NaNoWriMo Prep – Brainstorming

October already. The nights are starting earlier, the shops are filled with Hallowe’en things and, somewhere in a dark room, Mariah Carey is being defrosted, ready to deafen us all with all she wants for Christmas. It also means we’re fast approaching that time of the year – the annual sprint to write as many words as we can that is the National Novel Writing Month.

I haven’t started writing yet. That starts on November 1st – I will not cheat in that regard. However, now IS a good time to start planning what you’re going to write.

I’m glad I started this early.

The First Idea – “Implanted”

I thought I was already ahead of the game this year. In my notes, I had a plot already laid out. Perfect! It just needs looking over, planning out a little more closely, names invented for characters. The hard work is already done!

But the more I looked at it, the more the story changed. It was supposed to be a contemporary sci-fi thriller. Then my main character shifted from being an IT technician to a police officer. Then the whole thing began shifting into something more like Line of Duty. In the end I realised that the story simply didn’t work with the sci-fi conceit I had – tiny explosives implanted into people’s brains to kill them remotely at a moment’s notice.

Any criminal gang looking to extort or threaten my main character would do so far more simply and easily through violence and blackmail. The brain bombs just weren’t realistic. Take those away, and the whole thing becomes a police procedural instead of sci-fi – I think there’s still a good story in there somewhere, but it’s not the story I wanted to write and it certainly wouldn’t work for NaNoWriMo – I’d need to do a LOT of research and background prep for it, which doesn’t go well with trying to churn out enough words every day.

The Second Idea – “Now You See Me”

So I went back to the drawing board. This idea is completely new, though I’m reusing a character from a previous novel (a nice way to link them together). The plot is considerably lighter – a magician pulling off very public crimes and then disappearing before anyone can catch him – and it barely counts as sci-fi, but it’s a lot more my style than the grittiness of my first idea.

I planned out the overall plot and I’ve named my main characters. In the process, I spotted a major problem – the idea didn’t work. There was no conflict, no drama, nothing for the characters to gain or lose from their actions. The concept was good (and no, I’m not going to give anything away here) but there was no story for it.

The Second (and a Half) Idea

The same idea, but upgraded. I had a hero (or rather, a heroine). I had a villain of sorts. But they weren’t in conflict – indeed, the plot hinges on the two of them meeting! I realised that I had the wrong character as a villain. And so I created a third character – someone opposed to both the other two, in different ways.

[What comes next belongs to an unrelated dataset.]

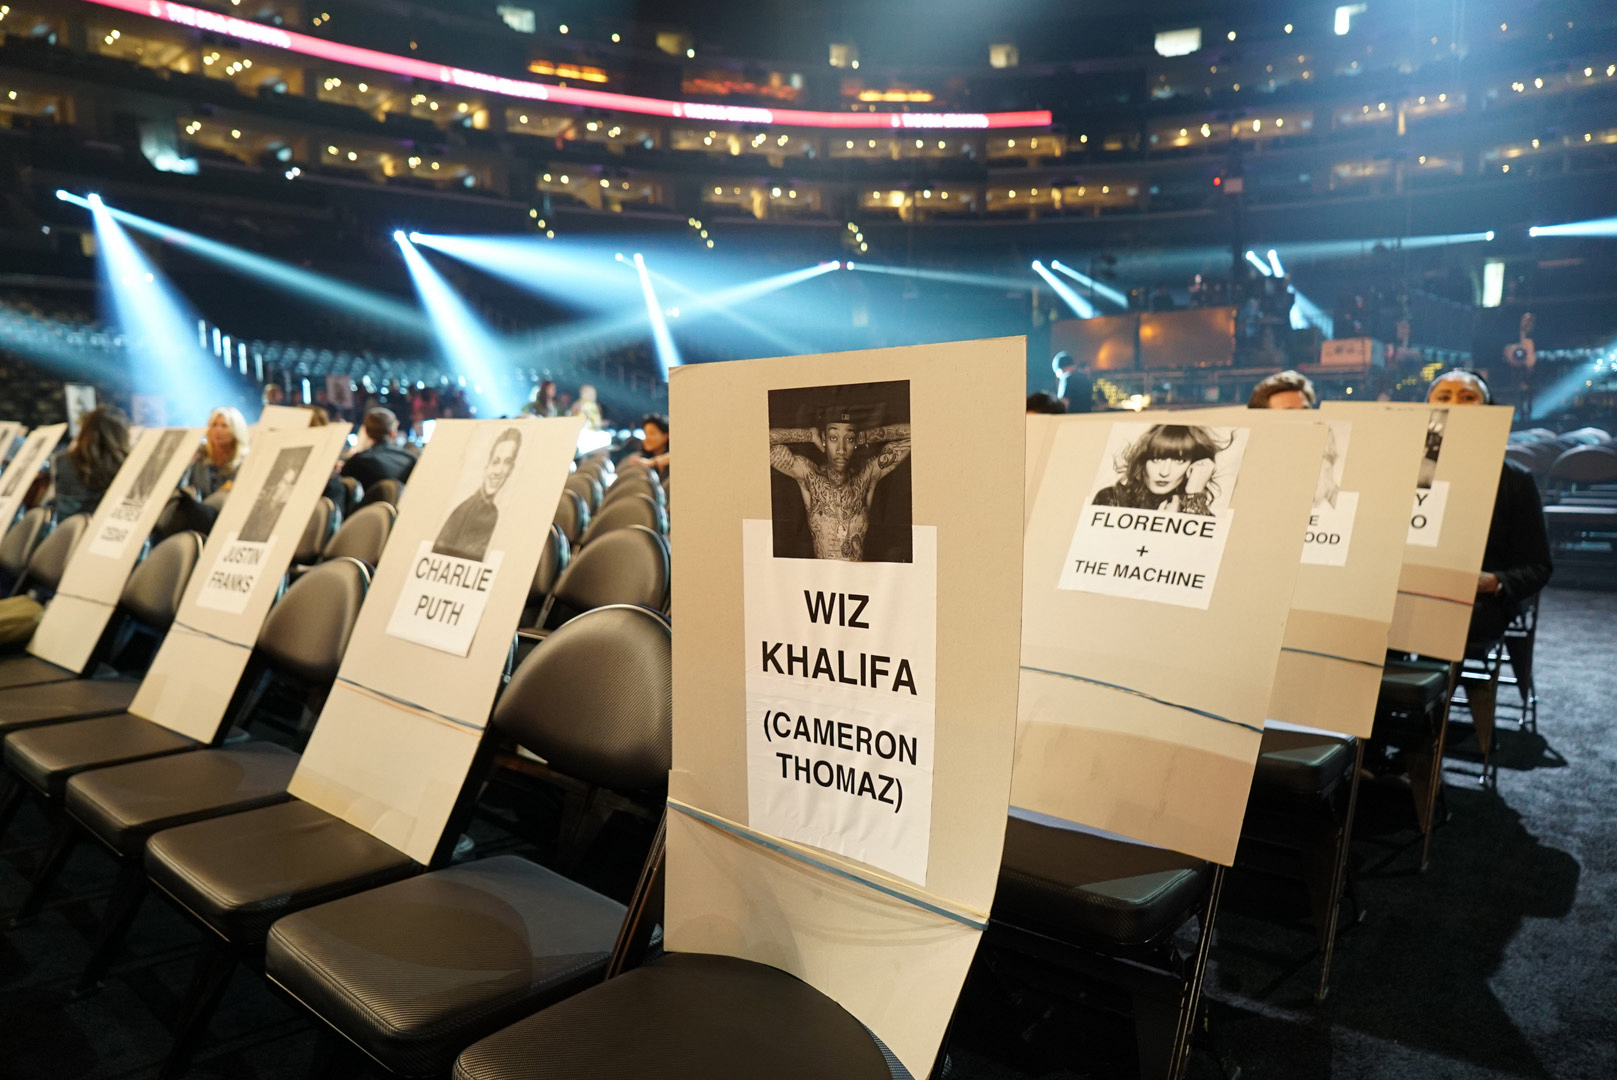 Wiz Khalifa and Florence The Machine will be sitting cozy next to each other

I’m getting excited about this already. I have more planning to do before November but I’m already itching to start writing.

Why I Plan

Imagine if I’d just jumped straight in on November 1st with my first idea. I have no idea what the story would have turned into, but it would have been a mess to sort out later – a mess that I might not want to revisit. I’d have been writing a story with a fundamental flaw, in a style I didn’t enjoy.

I might have ploughed on to the end of the month, but I’d be left feeling as though I’d wasted it.

By planning ahead, by working out the shape of the novel before I start, I can often spot those flaws coming. I figured out my first idea was wrong in a few days instead of twenty thousand words in. I figured out my second idea was flawed in a few more days, and found a solution that I can implement from the start instead of trying to insert it into the first draft later on.

Some people prefer to just dive right in and work it out as they go along. I’ve done that myself in the past. But planning ahead, even a little, can save you a lot of headaches in the rewrites.